> _Data shown_

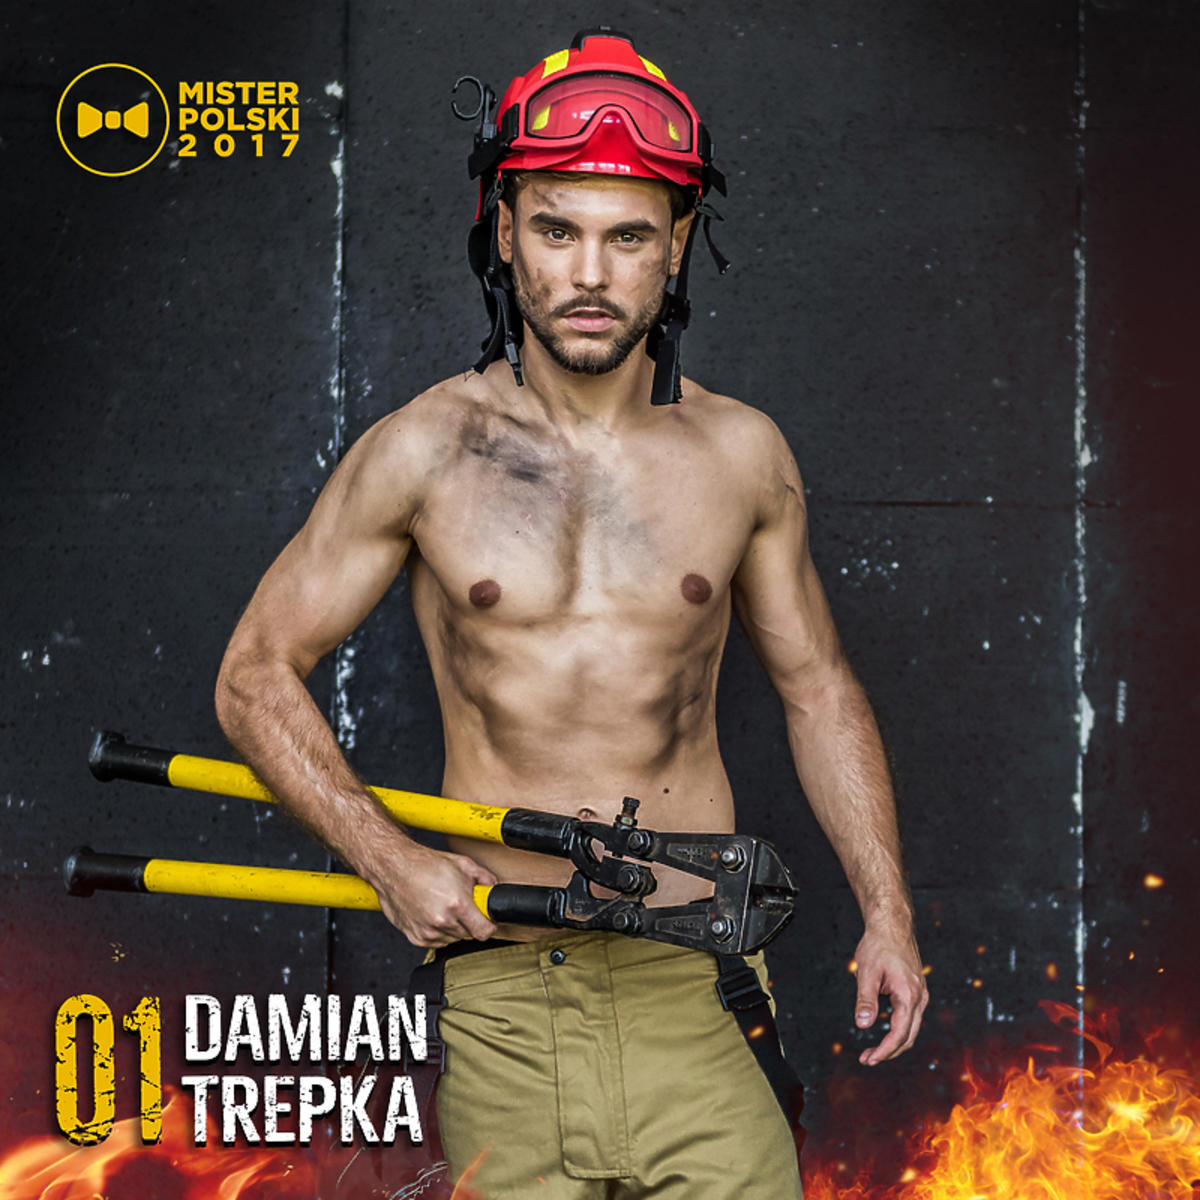 Damian Trepka
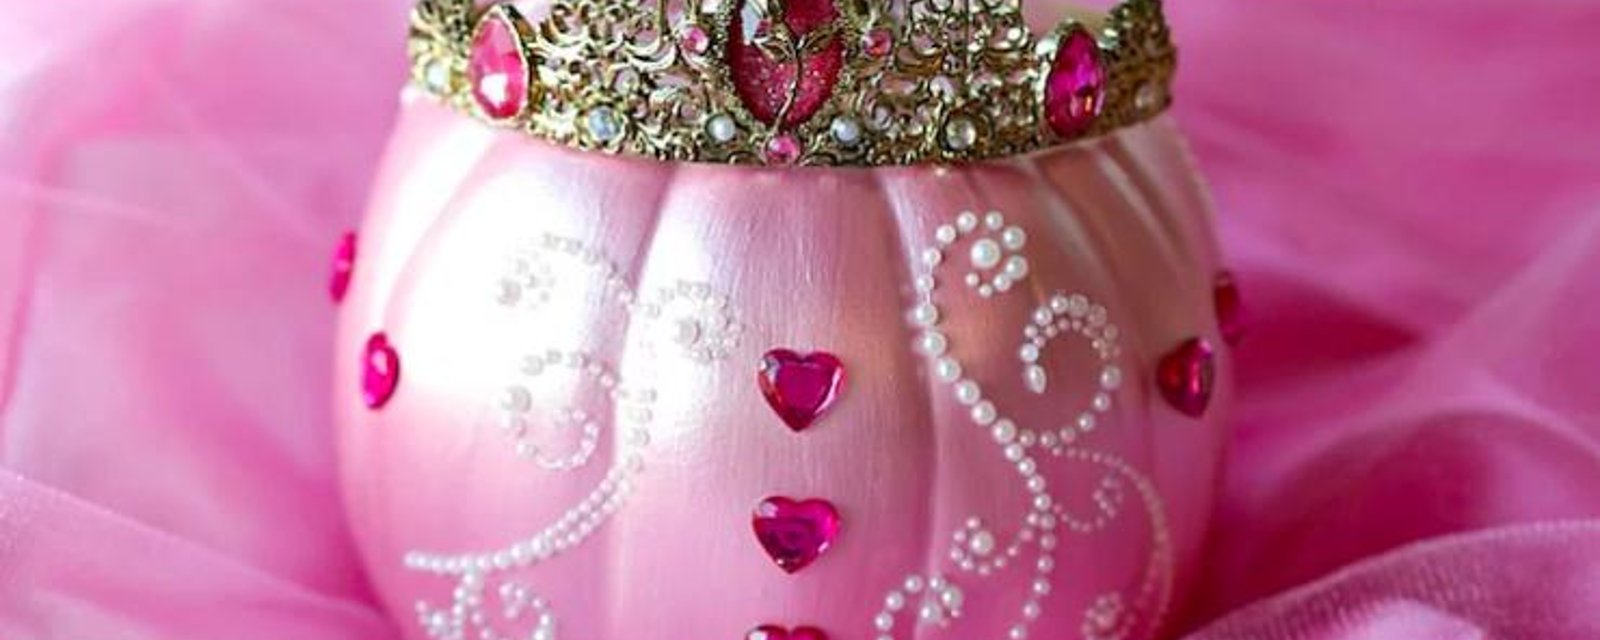 Les citrouilles décorées en princesses sont la tendance de l'heure pour l'Halloween cette année
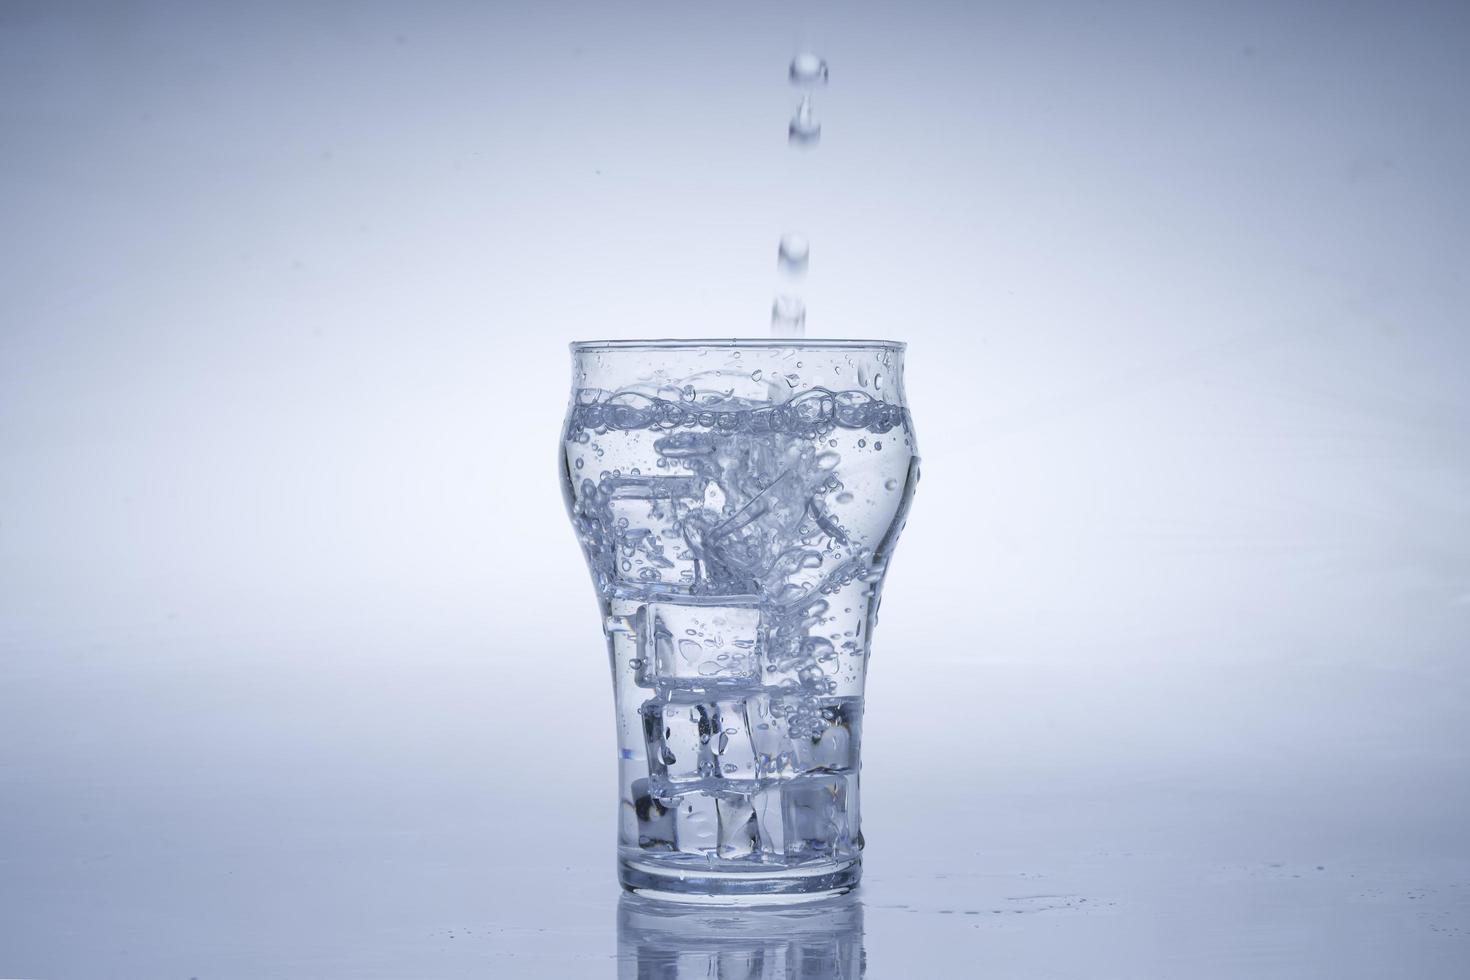 Eiswürfel fiel in das Wasserglas. Wasser spritzte aus dem klaren Glas. frisches Konzept foto

> _Prompt_
Print once more, exactly, the lines from the one with "Les citrouilles décorées" through the last line of the data, both ends included, without any pictures.

> _Result_
 Les citrouilles décorées en princesses sont la tendance de l'heure pour l'Halloween cette année
 Eiswürfel fiel in das Wasserglas. Wasser spritzte aus dem klaren Glas. frisches Konzept foto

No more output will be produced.